Experiments on Synthetic Datasets
The authors generate synthetic datasets with linear and non-linear relationships to evaluate the performance of STIC. The results show that STIC achieves higher F1 scores and precision compared to the baselines, especially in scenarios with limited observed time steps.
Experiments on Benchmark Datasets
The authors use the FMRI benchmark dataset to explore brain blood flow patterns. The results indicate that STIC achieves the highest average F1 scores and precision compared to the baselines, demonstrating its practical value in real-world applications.
Ablation Study
The ablation study investigates the impact of different hyper-parameters on the performance of STIC. The results show that the learning rate has little effect on the model’s performance, while the predefined maximum time lag and threshold significantly influence the F1 score and precision.
Discussion
Effectiveness of STIC
The study highlights the effectiveness of STIC in discovering causal relationships from time-series data. The use of short-term invariance and convolutional neural networks enhances sample efficiency and accuracy in causal discovery.
Exceptional Performance
The incorporation of window representation, time-invariance block, and mechanism-invariance block contributes to the high F1 scores and precision achieved by STIC. These components enable the model to learn accurate causal structures and complex non-linear transformations.

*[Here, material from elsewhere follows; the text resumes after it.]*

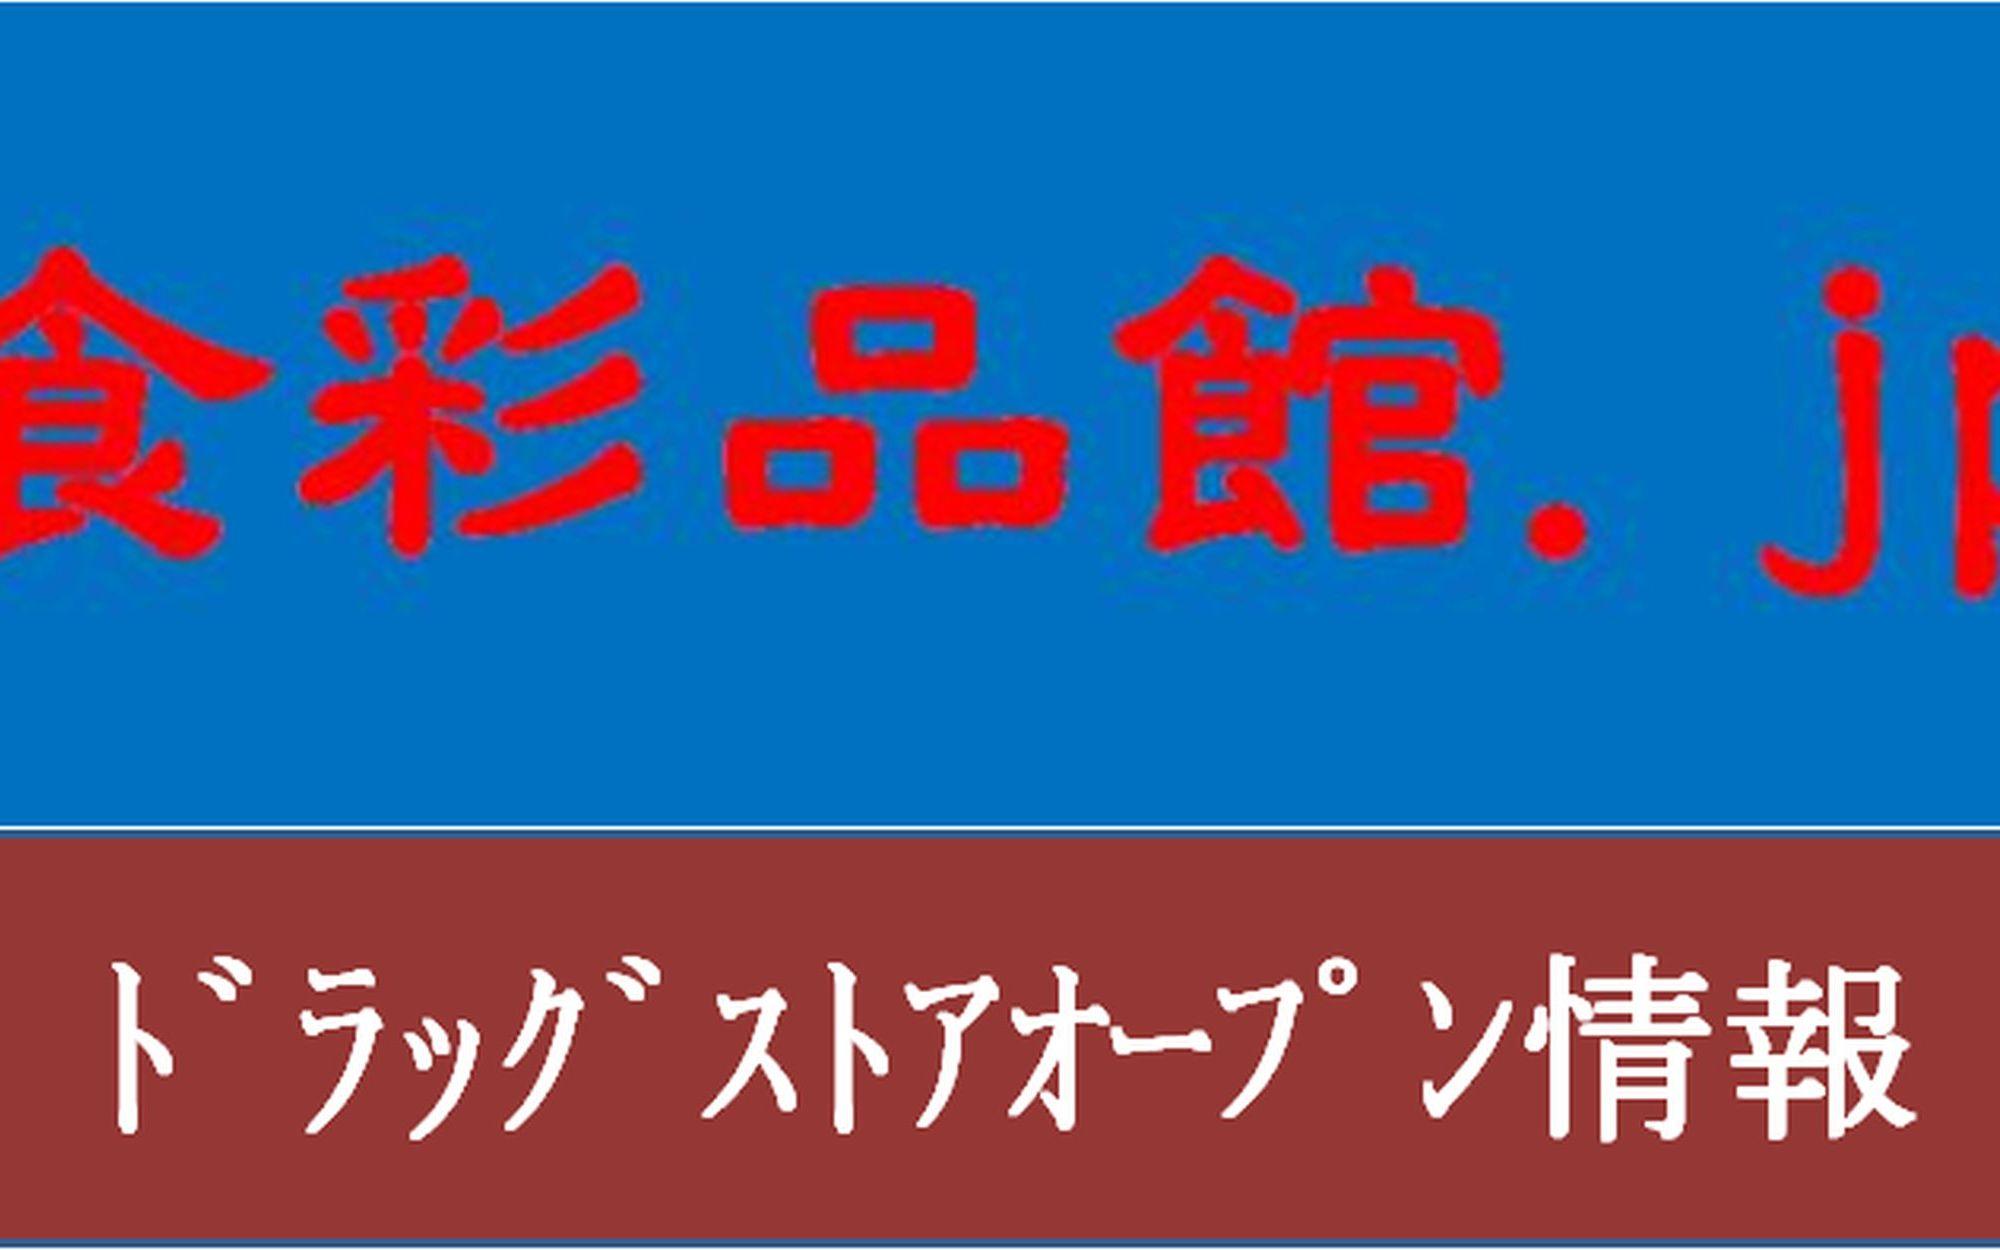 クリエイトエス・ディー我孫子天王台商業施設 (千葉県我孫子市)2020年5月1日オープン予定で大店立地届出

Conclusion, Limitations, and Future Works
The paper introduces STIC, a novel method for causal discovery from time-series data. The experimental results demonstrate the efficiency and stability of STIC, particularly in scenarios with limited observed time steps. However, the study acknowledges certain limitations, such as the assumption of additive noise and the manual predefined maximum lag. Future research should aim to develop more comprehensive approaches capable of handling various types of noise and explore advanced blocks to enhance the performance of STIC.
Acknowledgments
The study was supported by grants from the National Key Research and Development Program of China and the National Natural Science Foundation of China.